* _Listed entries_:
╔══
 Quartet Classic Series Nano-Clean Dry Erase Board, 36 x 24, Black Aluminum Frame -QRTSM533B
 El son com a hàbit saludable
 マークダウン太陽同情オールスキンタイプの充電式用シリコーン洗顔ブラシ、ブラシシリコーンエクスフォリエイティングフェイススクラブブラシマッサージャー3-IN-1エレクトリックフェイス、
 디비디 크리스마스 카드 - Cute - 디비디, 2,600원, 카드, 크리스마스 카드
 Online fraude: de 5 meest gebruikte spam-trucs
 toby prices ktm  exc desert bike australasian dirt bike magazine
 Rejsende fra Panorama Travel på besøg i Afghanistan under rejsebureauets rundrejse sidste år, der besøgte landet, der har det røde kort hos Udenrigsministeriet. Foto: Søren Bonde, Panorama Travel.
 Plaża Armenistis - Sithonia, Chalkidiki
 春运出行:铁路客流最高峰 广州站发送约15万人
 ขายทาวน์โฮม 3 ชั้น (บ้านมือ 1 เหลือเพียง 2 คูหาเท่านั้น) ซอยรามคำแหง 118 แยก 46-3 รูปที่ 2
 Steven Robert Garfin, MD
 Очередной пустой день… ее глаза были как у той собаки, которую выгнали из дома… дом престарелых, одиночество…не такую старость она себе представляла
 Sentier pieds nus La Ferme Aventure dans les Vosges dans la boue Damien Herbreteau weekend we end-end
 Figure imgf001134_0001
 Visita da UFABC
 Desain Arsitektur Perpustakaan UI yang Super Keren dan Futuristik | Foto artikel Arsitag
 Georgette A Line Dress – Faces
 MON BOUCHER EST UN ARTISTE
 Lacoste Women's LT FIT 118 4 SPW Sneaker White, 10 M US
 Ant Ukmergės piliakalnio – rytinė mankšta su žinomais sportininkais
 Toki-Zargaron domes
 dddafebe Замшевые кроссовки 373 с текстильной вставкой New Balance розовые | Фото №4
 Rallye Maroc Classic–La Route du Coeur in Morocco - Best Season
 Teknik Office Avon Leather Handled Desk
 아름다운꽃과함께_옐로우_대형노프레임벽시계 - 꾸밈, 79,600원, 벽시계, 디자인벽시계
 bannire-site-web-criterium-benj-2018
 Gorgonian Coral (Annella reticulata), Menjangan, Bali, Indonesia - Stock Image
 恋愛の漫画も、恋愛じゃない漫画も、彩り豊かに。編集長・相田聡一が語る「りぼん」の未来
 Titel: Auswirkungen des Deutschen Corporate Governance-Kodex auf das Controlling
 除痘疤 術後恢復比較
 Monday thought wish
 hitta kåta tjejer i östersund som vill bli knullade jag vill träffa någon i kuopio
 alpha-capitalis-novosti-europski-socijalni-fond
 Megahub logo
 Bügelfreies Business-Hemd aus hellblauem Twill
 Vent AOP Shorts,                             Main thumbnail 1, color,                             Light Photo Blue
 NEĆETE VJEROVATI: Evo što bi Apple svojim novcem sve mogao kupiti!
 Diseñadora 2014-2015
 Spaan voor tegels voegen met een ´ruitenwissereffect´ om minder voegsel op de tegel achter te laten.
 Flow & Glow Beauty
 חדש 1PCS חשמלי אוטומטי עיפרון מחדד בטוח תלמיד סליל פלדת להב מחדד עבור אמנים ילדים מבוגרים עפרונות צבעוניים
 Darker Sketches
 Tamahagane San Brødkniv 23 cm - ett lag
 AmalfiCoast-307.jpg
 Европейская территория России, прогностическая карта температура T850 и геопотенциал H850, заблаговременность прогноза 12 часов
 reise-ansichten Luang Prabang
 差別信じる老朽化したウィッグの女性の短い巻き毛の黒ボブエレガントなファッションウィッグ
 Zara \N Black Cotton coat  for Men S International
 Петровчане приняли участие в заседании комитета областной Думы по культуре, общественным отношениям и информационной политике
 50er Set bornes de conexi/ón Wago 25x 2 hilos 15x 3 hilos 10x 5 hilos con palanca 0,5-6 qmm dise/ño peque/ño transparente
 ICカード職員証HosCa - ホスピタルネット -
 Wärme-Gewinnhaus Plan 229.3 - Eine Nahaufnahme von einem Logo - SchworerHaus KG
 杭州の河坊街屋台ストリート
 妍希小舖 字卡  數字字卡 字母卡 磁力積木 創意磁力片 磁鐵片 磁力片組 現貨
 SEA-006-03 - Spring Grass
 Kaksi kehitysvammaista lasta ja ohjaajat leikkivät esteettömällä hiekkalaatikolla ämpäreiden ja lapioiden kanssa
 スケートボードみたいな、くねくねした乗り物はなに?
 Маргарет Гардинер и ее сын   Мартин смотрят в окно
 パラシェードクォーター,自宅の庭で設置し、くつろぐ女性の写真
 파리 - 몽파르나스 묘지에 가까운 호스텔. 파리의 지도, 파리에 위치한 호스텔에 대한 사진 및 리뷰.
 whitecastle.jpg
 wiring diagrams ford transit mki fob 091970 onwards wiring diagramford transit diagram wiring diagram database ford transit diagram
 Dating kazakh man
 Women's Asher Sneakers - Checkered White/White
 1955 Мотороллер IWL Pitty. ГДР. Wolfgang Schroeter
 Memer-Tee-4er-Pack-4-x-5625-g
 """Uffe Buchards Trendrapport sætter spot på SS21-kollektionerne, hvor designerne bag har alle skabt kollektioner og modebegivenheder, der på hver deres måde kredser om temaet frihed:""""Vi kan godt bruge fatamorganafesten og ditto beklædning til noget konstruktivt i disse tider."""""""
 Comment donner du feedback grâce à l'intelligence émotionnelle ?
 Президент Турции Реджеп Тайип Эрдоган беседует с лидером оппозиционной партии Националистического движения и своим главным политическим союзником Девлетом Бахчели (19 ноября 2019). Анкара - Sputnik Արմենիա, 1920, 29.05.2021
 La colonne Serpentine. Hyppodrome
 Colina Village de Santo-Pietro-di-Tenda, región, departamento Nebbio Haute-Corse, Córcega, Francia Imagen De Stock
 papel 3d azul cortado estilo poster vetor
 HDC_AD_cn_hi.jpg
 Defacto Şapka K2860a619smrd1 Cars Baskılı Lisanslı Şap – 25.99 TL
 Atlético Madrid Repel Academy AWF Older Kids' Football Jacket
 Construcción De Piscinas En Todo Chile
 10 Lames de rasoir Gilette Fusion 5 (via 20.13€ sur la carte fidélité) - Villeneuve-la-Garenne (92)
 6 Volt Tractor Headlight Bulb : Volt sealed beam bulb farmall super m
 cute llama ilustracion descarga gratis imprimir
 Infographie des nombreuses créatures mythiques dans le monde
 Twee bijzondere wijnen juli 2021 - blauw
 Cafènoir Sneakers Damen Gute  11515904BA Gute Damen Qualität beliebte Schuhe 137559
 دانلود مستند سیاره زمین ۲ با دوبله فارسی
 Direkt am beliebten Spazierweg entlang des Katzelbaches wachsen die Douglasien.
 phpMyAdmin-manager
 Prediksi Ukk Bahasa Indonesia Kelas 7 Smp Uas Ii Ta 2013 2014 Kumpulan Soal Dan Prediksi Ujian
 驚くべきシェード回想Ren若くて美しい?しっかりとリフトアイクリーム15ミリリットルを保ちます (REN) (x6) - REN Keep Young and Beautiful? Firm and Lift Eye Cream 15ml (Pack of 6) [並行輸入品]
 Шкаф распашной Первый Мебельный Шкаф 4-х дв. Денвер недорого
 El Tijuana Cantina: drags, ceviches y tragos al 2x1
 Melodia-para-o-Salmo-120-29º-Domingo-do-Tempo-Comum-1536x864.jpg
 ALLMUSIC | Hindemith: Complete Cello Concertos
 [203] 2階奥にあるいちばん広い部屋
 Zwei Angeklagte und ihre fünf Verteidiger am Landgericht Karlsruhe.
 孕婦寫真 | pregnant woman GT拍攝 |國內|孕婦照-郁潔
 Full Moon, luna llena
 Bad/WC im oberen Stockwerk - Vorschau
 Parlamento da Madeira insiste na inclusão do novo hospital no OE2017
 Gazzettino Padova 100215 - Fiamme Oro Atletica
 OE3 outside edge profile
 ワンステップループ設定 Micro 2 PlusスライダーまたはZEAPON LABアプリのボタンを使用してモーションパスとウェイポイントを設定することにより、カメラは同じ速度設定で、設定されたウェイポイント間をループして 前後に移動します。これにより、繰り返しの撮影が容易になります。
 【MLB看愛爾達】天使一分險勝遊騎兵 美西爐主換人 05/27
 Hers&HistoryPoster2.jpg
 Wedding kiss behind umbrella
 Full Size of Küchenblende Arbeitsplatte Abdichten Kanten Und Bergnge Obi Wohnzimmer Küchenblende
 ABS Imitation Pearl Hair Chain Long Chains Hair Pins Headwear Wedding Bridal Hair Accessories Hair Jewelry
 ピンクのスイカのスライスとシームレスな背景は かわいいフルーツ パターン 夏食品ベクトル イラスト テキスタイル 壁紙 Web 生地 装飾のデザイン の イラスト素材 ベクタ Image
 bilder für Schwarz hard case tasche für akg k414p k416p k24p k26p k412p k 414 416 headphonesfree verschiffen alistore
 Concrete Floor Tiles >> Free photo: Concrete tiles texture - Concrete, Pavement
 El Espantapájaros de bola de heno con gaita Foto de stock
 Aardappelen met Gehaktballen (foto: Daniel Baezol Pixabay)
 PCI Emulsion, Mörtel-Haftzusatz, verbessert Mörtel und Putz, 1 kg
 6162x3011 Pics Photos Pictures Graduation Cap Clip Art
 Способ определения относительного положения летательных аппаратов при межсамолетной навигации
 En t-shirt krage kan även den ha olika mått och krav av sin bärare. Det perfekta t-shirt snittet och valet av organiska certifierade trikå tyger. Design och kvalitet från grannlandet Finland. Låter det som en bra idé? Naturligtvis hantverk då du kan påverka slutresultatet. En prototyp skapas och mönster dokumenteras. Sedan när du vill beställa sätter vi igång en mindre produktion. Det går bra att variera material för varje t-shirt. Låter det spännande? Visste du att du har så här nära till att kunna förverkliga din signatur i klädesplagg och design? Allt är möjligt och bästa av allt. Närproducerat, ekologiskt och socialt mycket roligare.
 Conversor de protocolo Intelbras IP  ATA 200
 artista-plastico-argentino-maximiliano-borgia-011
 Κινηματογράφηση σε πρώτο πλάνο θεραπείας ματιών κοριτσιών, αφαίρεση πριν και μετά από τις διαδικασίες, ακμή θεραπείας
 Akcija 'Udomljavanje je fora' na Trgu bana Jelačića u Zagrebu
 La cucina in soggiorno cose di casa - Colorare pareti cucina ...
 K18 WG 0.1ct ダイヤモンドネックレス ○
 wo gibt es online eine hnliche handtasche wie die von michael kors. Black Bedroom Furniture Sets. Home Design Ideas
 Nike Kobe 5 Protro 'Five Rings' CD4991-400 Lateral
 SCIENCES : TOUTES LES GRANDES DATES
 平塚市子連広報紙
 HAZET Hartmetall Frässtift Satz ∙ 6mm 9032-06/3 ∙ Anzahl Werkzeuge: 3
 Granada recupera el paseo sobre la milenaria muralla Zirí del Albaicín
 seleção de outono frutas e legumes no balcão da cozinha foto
╚══
* _The problem_:
Please output an exact copy of the lines above, from the opening line of the data down to the line that contains "디비디 크리스마스 카드".

* _Response to this task_:
 Quartet Classic Series Nano-Clean Dry Erase Board, 36 x 24, Black Aluminum Frame -QRTSM533B
 El son com a hàbit saludable
 マークダウン太陽同情オールスキンタイプの充電式用シリコーン洗顔ブラシ、ブラシシリコーンエクスフォリエイティングフェイススクラブブラシマッサージャー3-IN-1エレクトリックフェイス、
 디비디 크리스마스 카드 - Cute - 디비디, 2,600원, 카드, 크리스마스 카드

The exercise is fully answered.